[Task]:
Exact copy, no pictures: output each line below as it stands.

[Recorded information]:

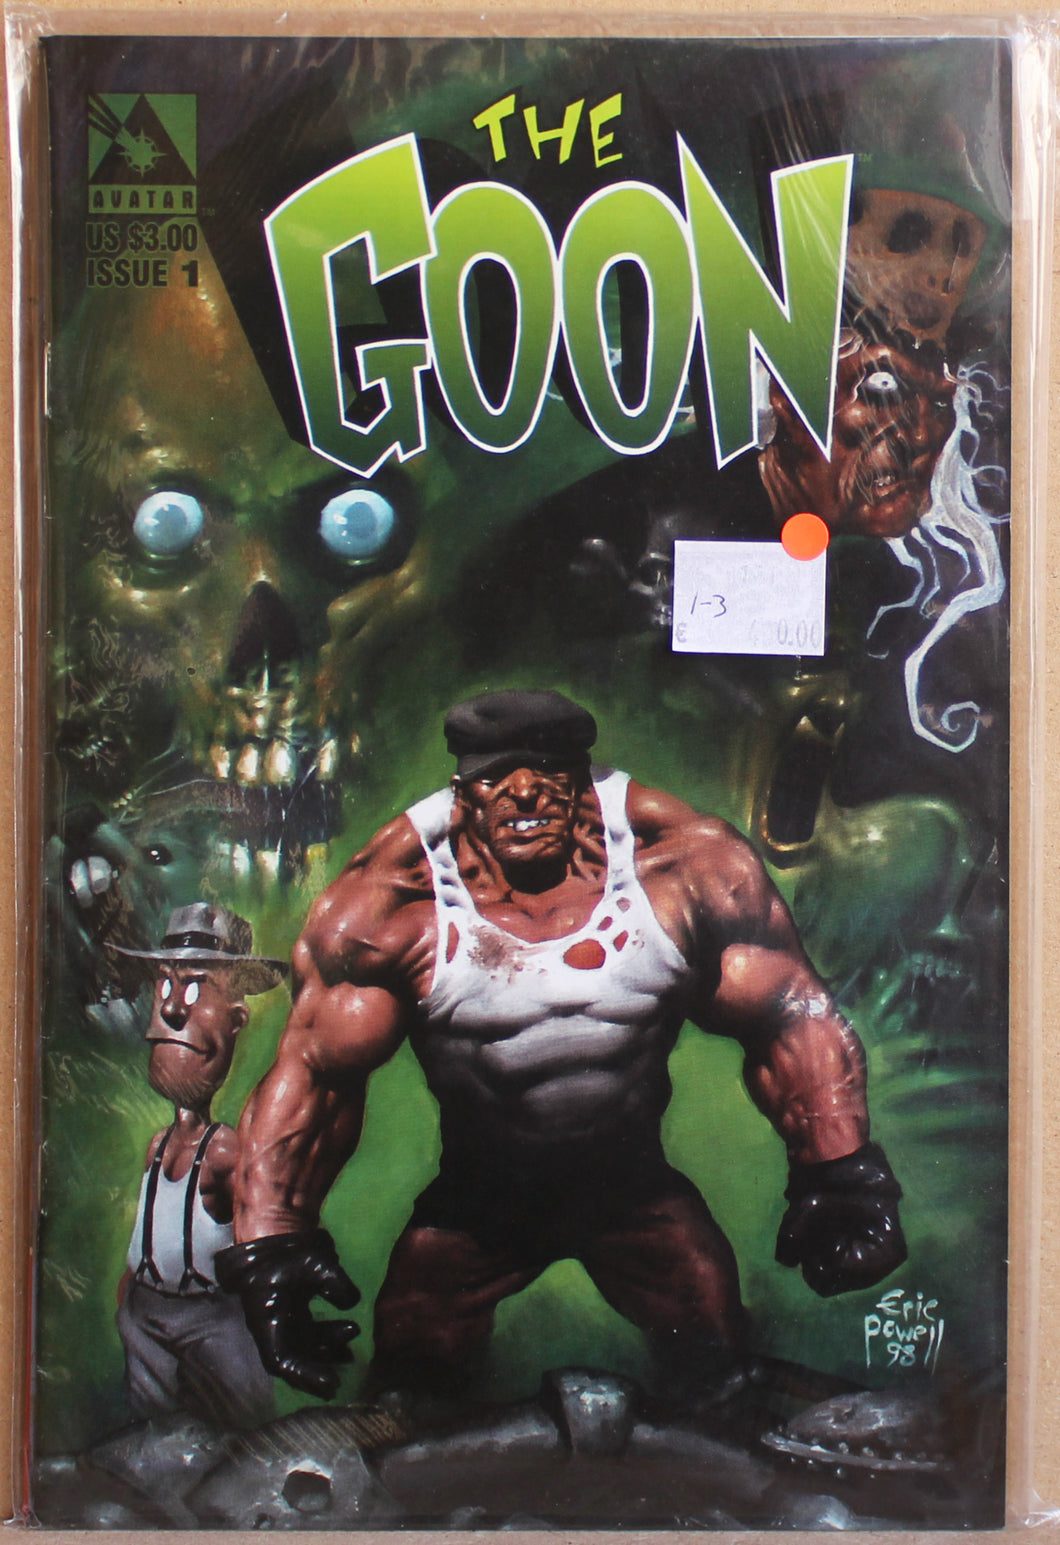 the Goon
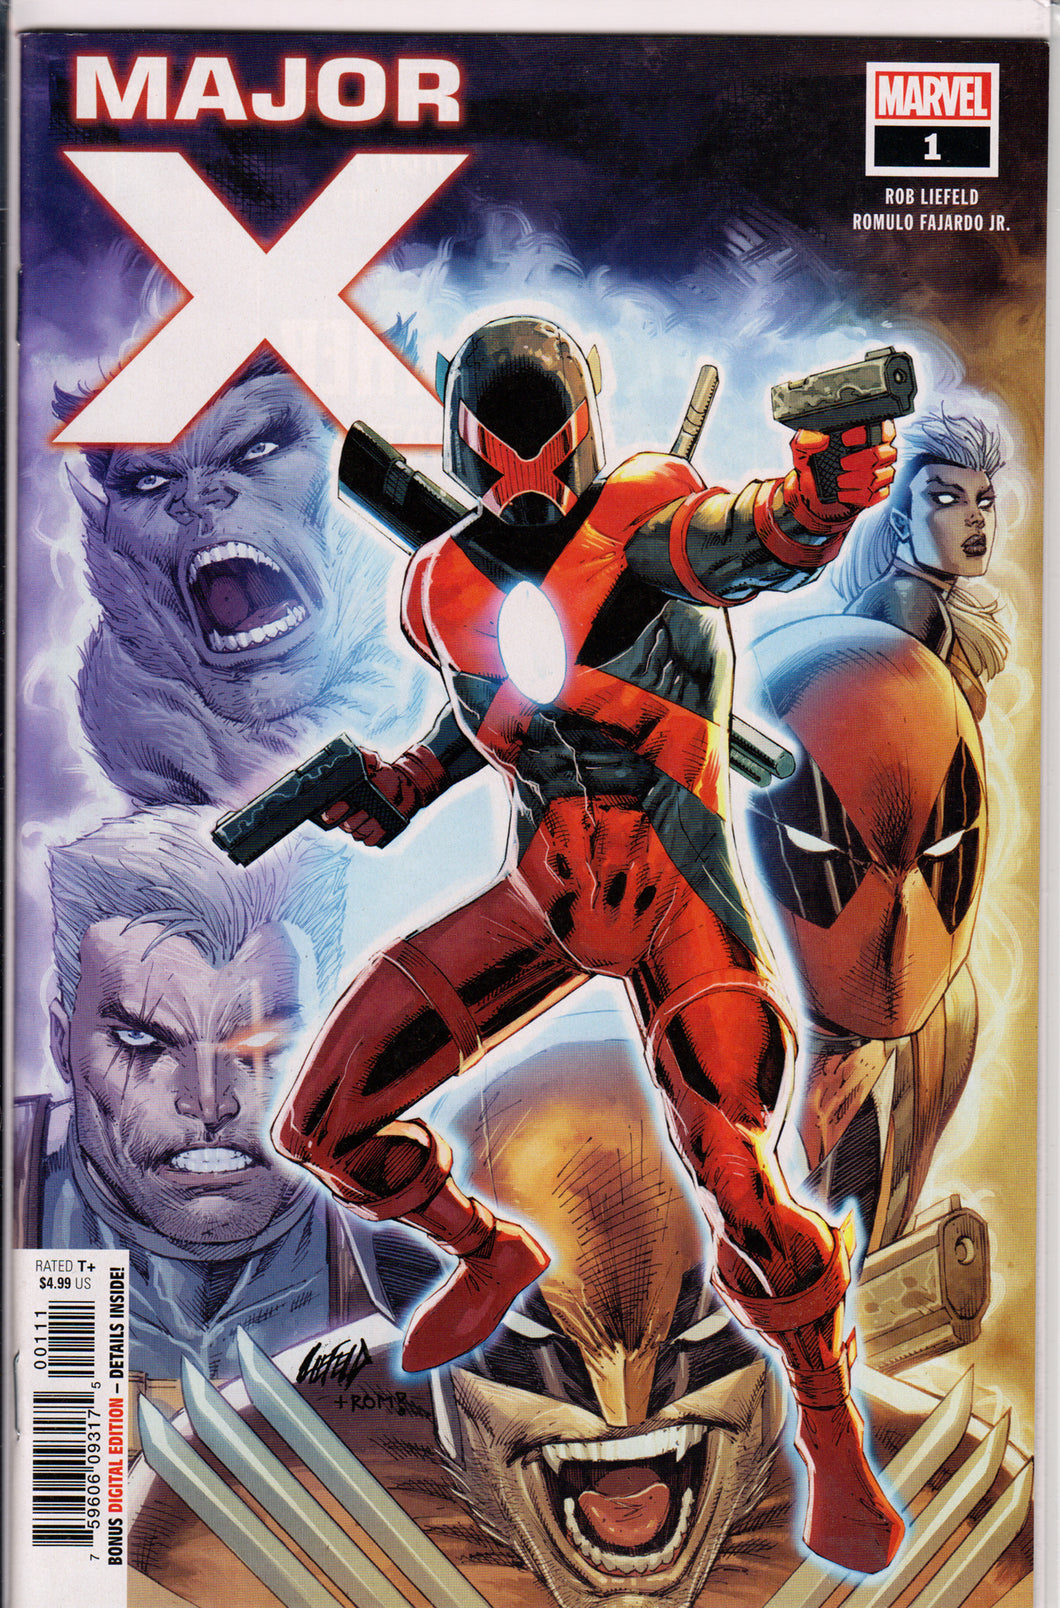 MAJOR X #1 (1ST PRINT) COMIC BOOK ~ Rob Liefeld ~ Marvel Comics
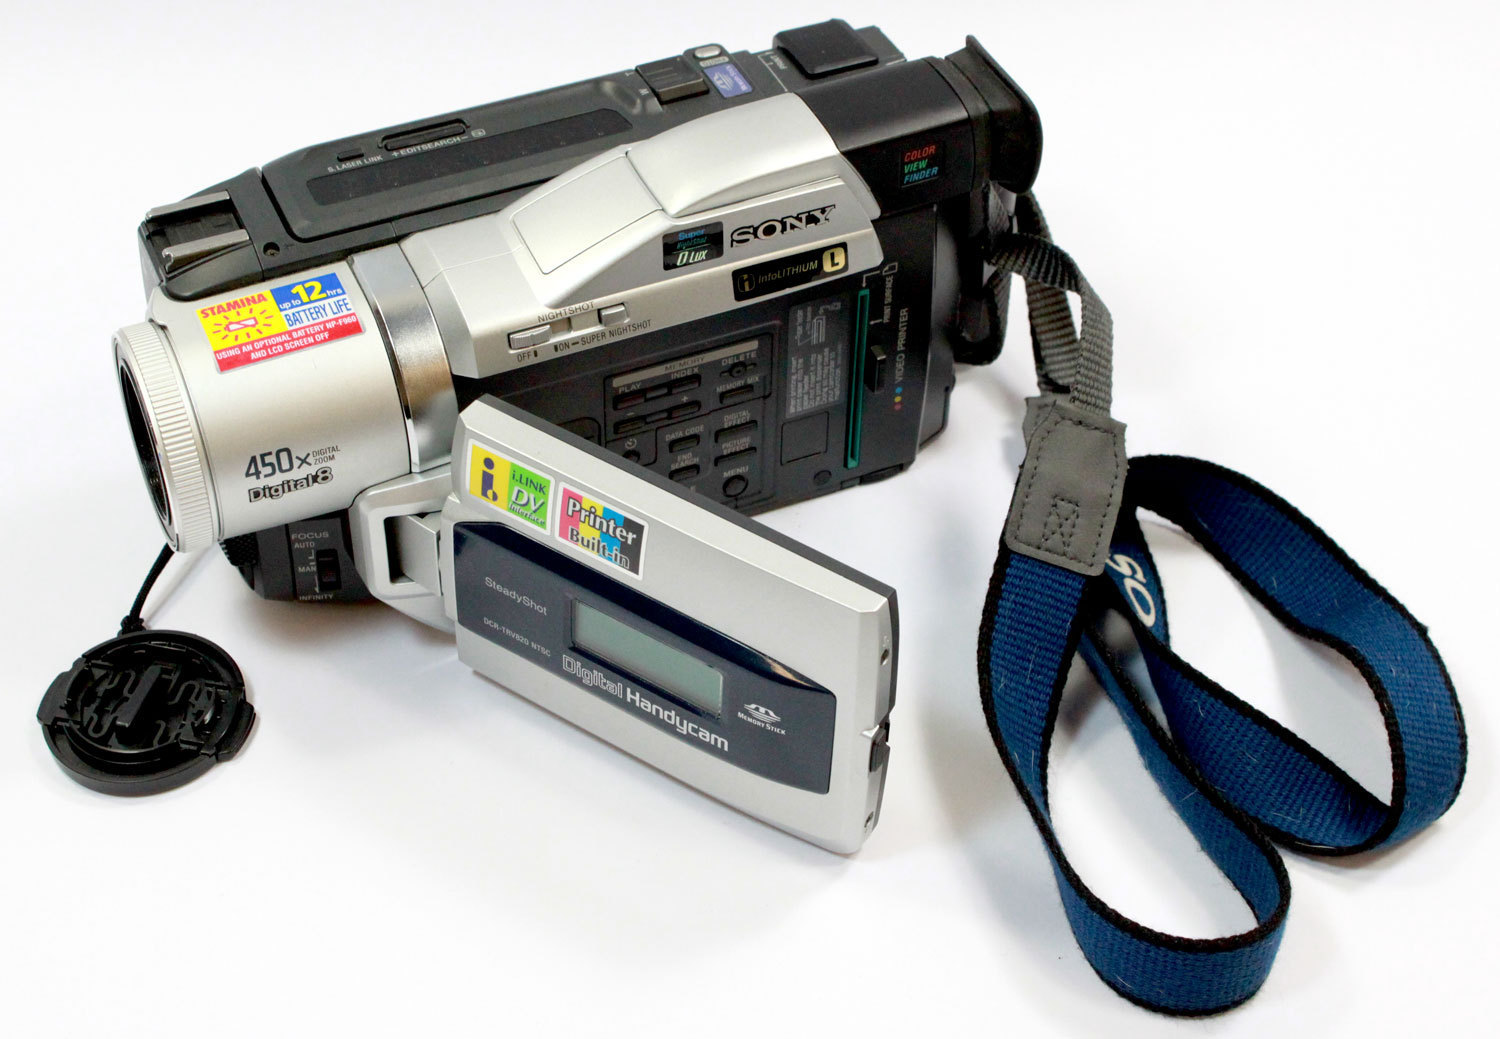 Sony Handycam DCR-TRV820 large image 0

[Response below]:
 the Goon
 MAJOR X #1 (1ST PRINT) COMIC BOOK ~ Rob Liefeld ~ Marvel Comics
 Sony Handycam DCR-TRV820 large image 0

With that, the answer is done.